> [Goal of the exercise]:
Print the data once more, exactly as given. Drop the pictures.
Input data Block Start
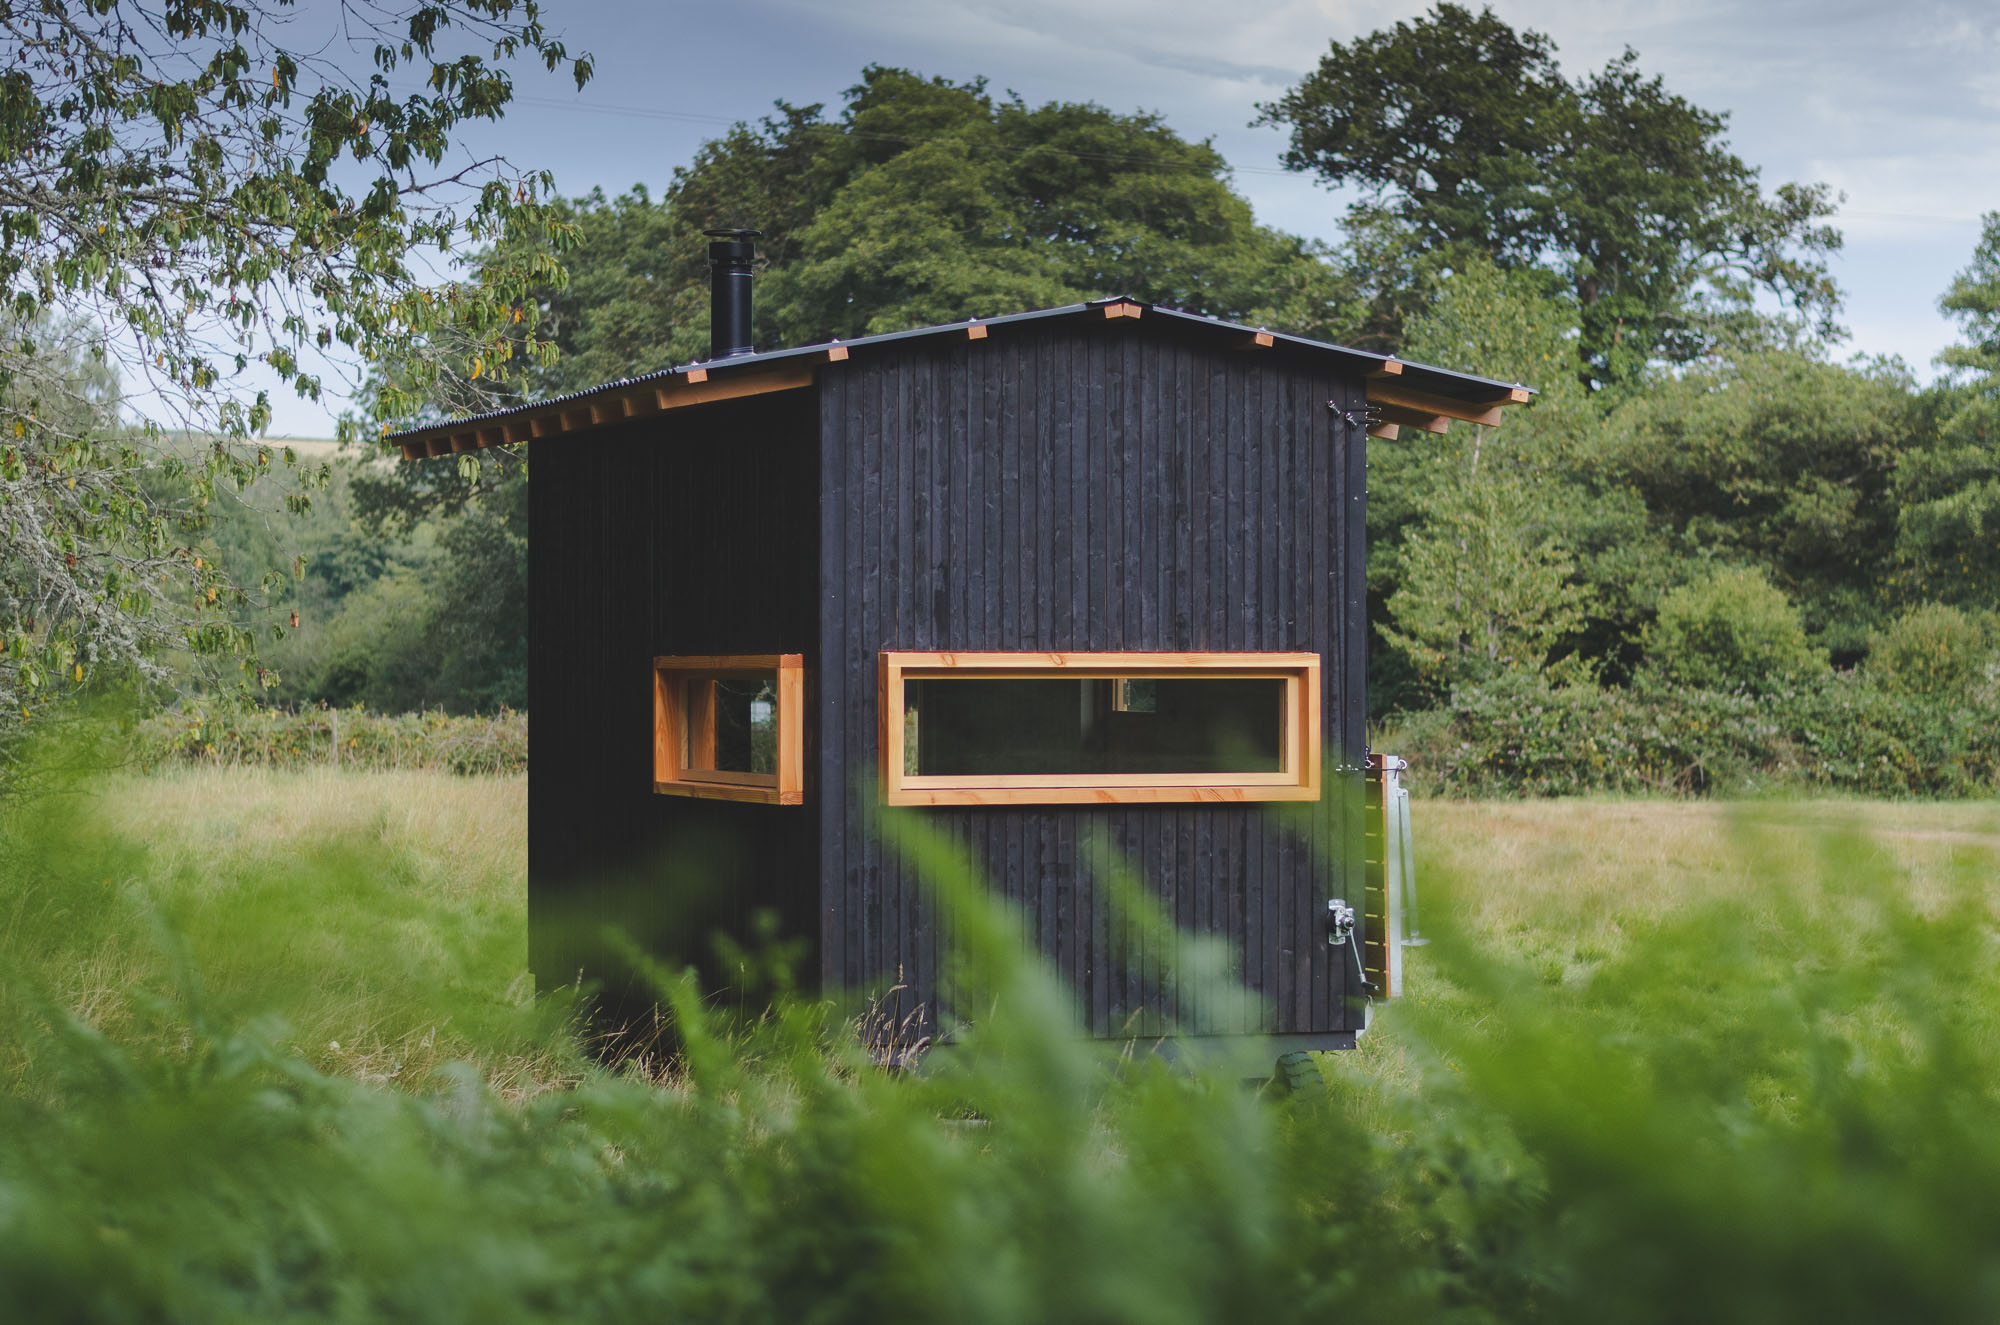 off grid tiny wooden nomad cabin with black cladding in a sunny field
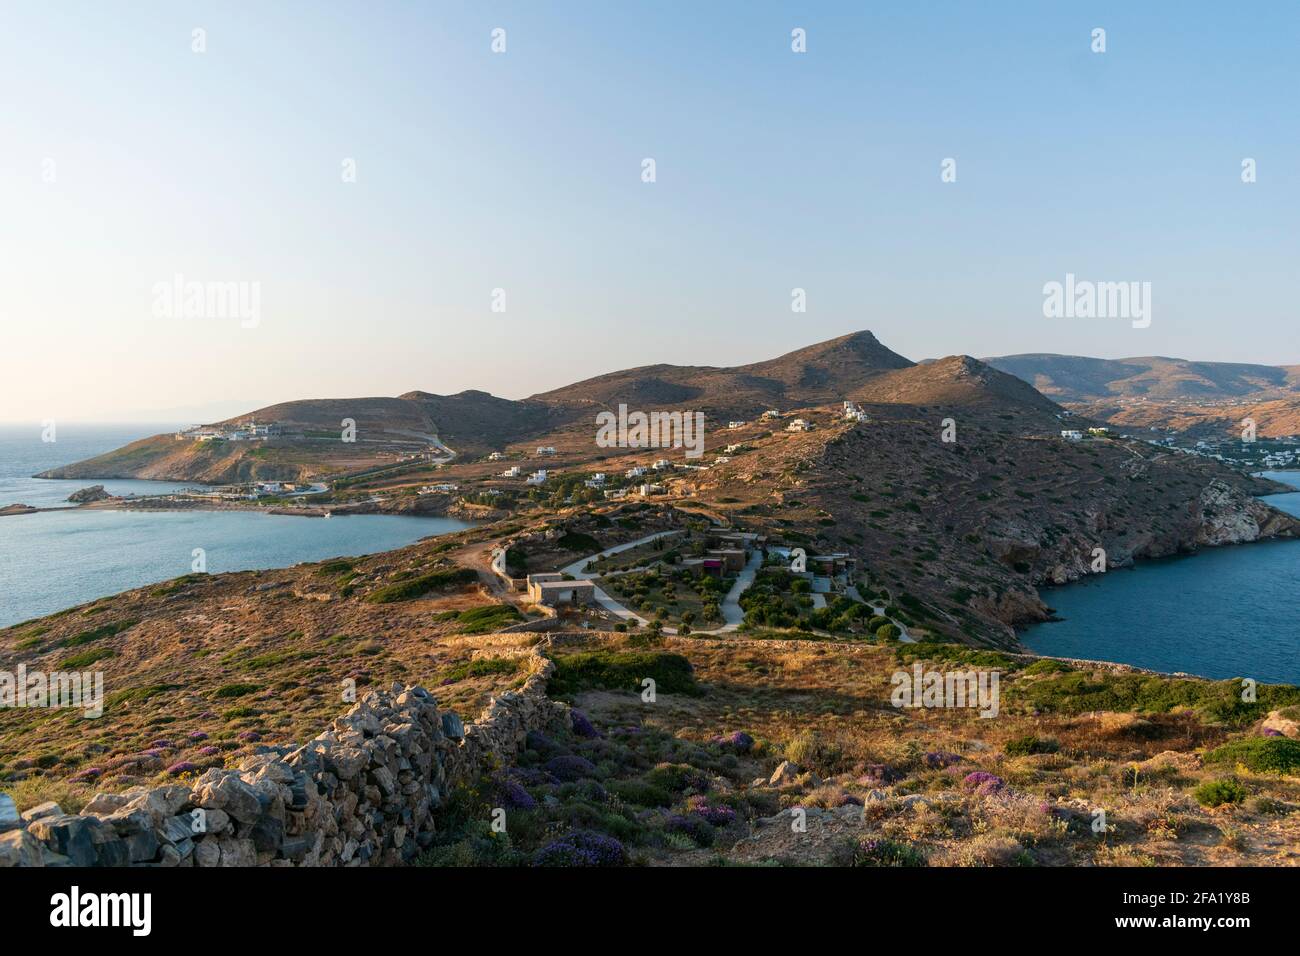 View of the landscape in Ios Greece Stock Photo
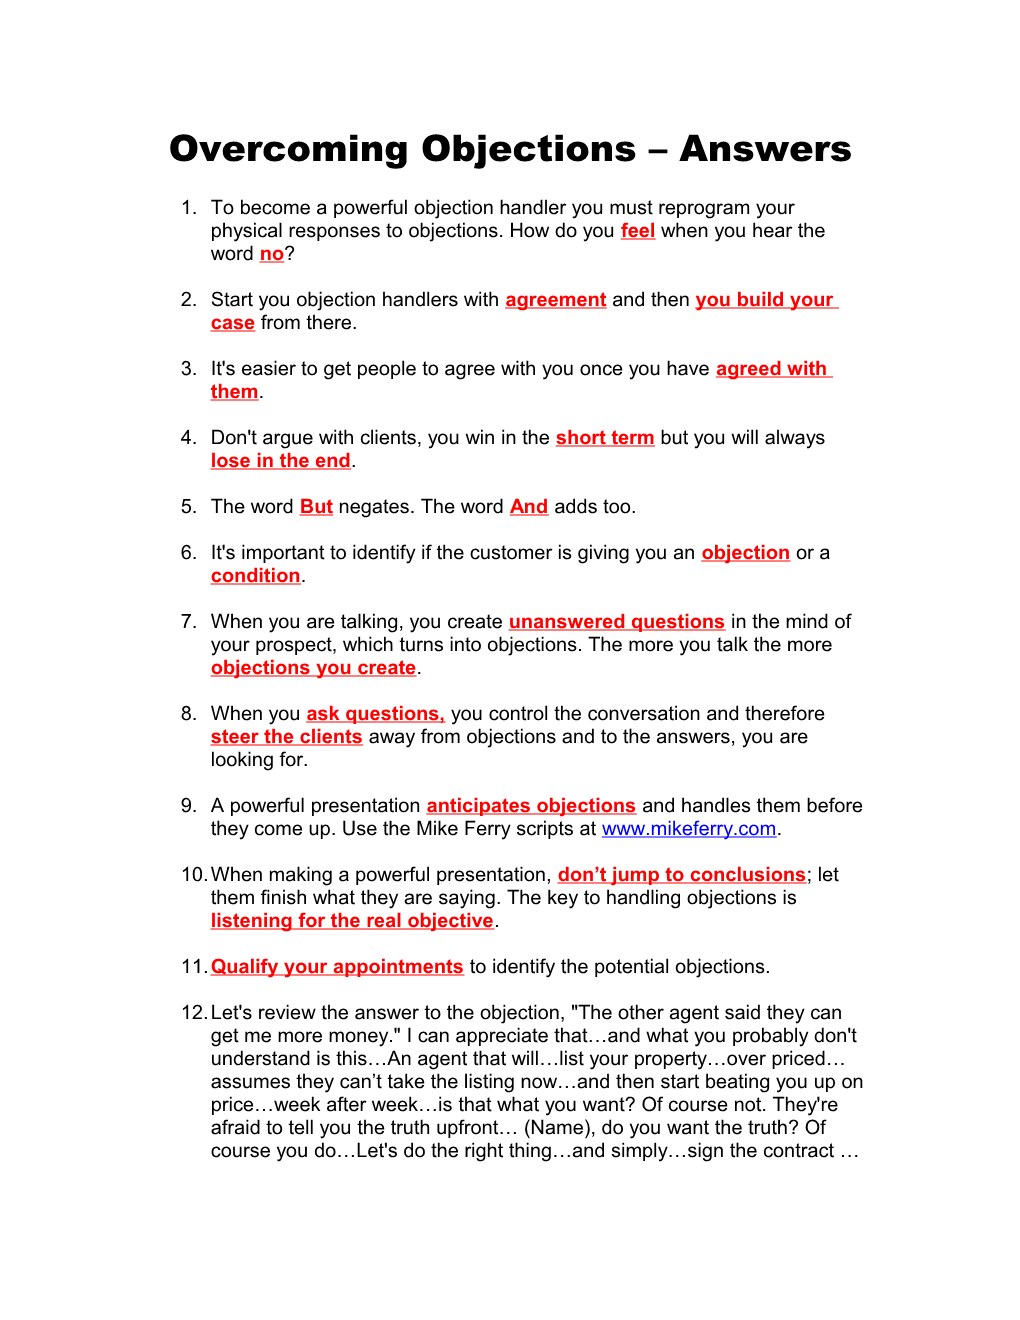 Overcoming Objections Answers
Input data Block End
> [Response to this exercise]:
 off grid tiny wooden nomad cabin with black cladding in a sunny field
 View of the landscape in Ios Greece Stock Photo
 Overcoming Objections Answers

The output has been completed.